[BioRuby] BioRuby's Bio::FlatFileIndex compatibility with BioPerl's Bio::DB::Flat

Sun Jul 22 10:25:00 UTC 2007

Hello,

I'm a maintainer of Bio::FlatFileIndex in bioruby.

On Fri, 20 Jul 2007 14:54:43 -0400
"Aidan Findlater" <aidanfindlater at gmail.com> wrote:

> *Summary:* Attached is a diff that allows Bio::FlatFileIndex to access BDB
> flatfile databases created by BioPerl. I have not changed the way BioRuby
> creates its databases, so this likely breaks access to BioRuby-created
> flatfiles.
> 
> 
> *Description:* I have some flatfile databases that were created with
> BioPerl, but it seems that BioRuby does things a little differently.
> Specifically, BioRuby tries to get config and fileid information from BDB
> databases; BioPerl stores this information in config.dat.

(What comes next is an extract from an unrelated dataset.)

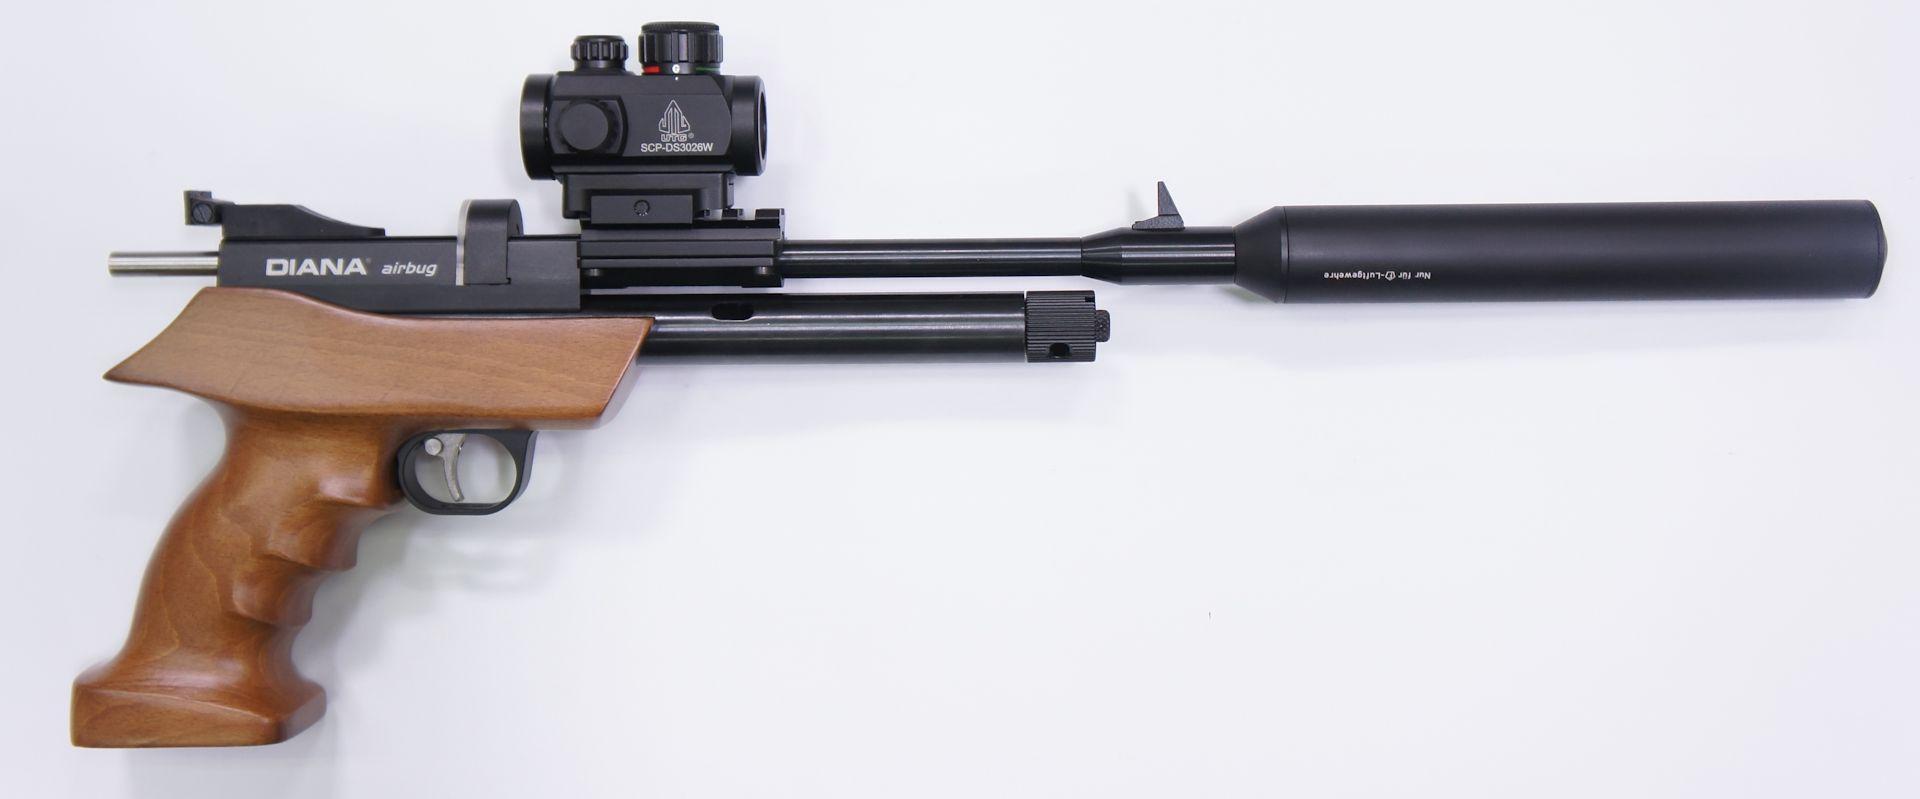 Dieses Set mit der CO2 Repetierluftpistole Diana airbug muss selbst montiert und eingeschossen werden.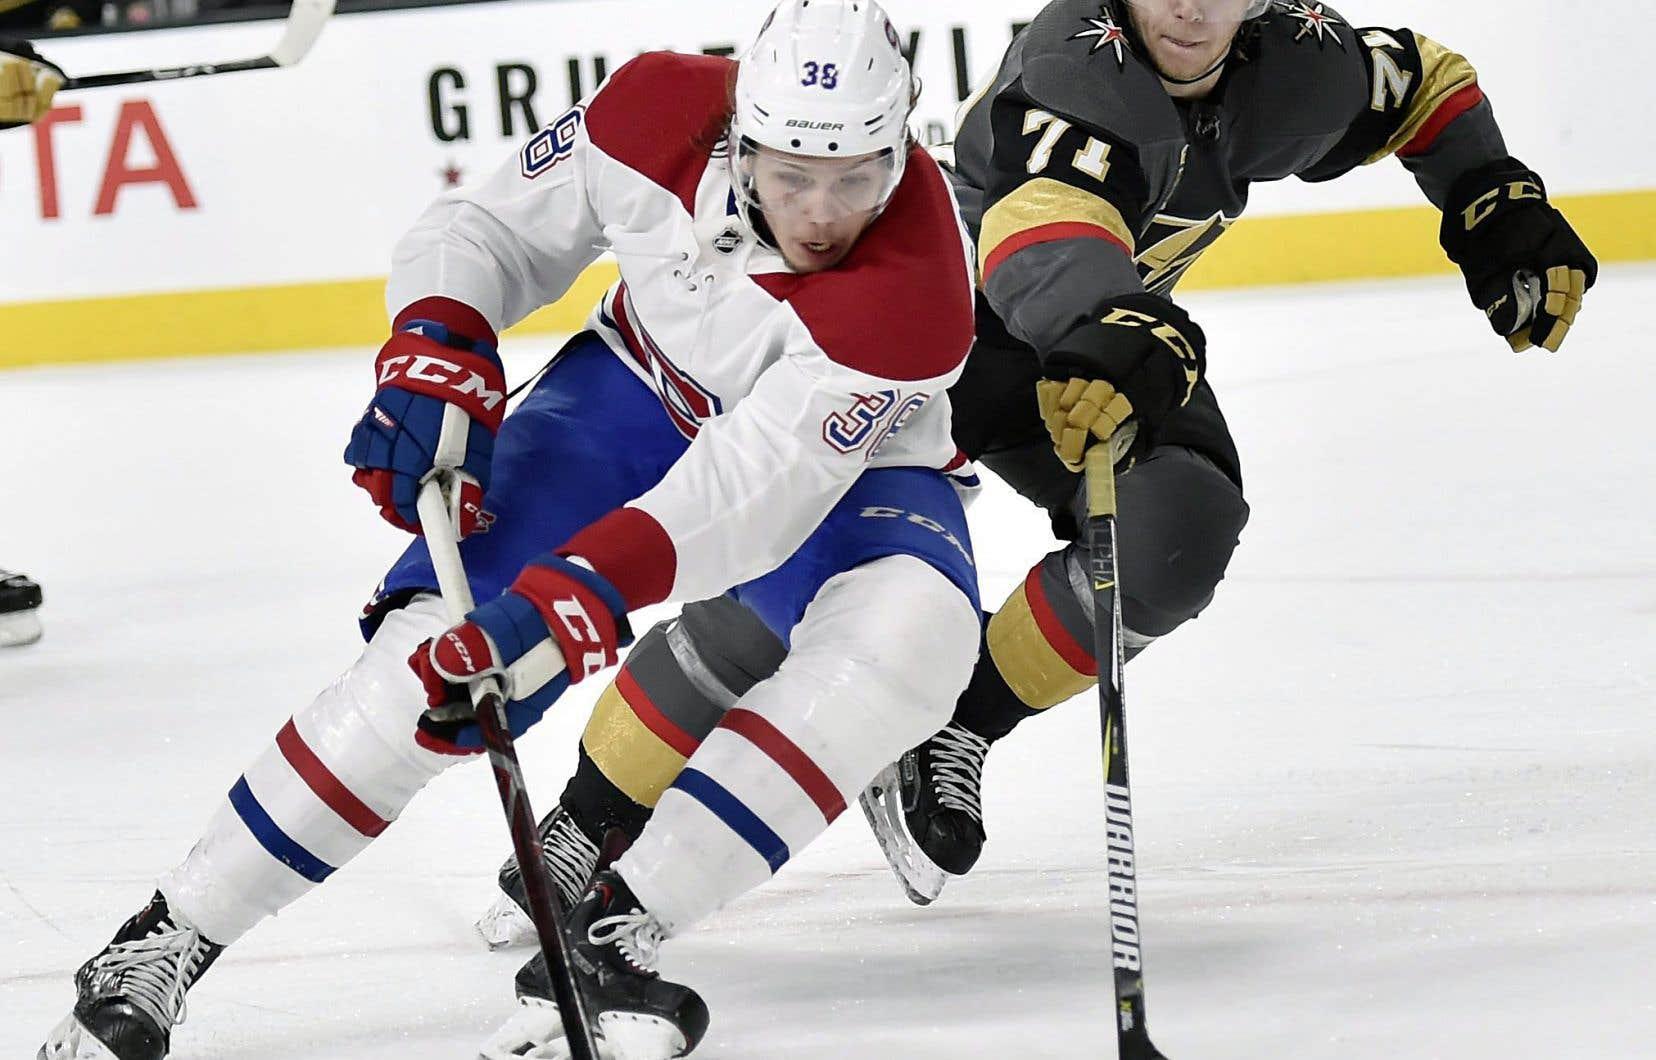 Nikita Scherbak fait partie des jeunes joueurs du Canadien qui comptent profiter de la fin de saison pour prouver leurs capacités à jouer dans la grande ligue.

The OBDA flat-file indexing specification (*1) says that
configiguration data is stored in the BDB database, not config.dat.

(excerpted from indexing.txt (*1))
| 2) The subdirectory contains a file named "config.dat" containing tab
| separated key/value pairs.  The first line contains the key "index"
| and value "index\tBerkeleyDB/1".  This means the first few characters
| of the config.dat file is "index\tBerkeleyDB/1\n".
| 
| There is no other data in this file.
| 
| 3) Global configuration data is stored in the database named "config".

The specification text was last modified in 5 years ago,
and it might have been changed in somewhere I don't know.
Does someone know changes of specifications,
or how to get new specification text?

*1 http://cvs.open-bio.org/cgi-bin/viewcvs/viewcvs.cgi/obda-specs/flatfile/indexing.txt?rev=1.3&cvsroot=obf-common&content-type=text/vnd.viewcvs-markup

> As well, it returns sequences shifted one character to the right (the '>'
> from my FASTA file was at the end of the returned sequence, and none was at
> the beginning).

I suppose this is BioPerl's indexer's issue.

I prepared the file /tmp/flat/tmp.fst as below.
-----------------------------------------------------------
>TEST00001                                    EOL
aaaaaaaaaaaaaaaaaaaaaaaaaaaaaaaaaaaaaaaaaaaaaaaaa
>TEST00002                                    EOL
ccccccccccccccccccccccccccccccccccccccccccccccccc
>TEST00003                                    EOL
ggggggggggggggggggggggggggggggggggggggggggggggggg
>TEST00004                                    EOL
ttttttttttttttttttttttttttttttttttttttttttttttttt
-----------------------------------------------------------
(Each line of the above file is 50 byte in UNIX).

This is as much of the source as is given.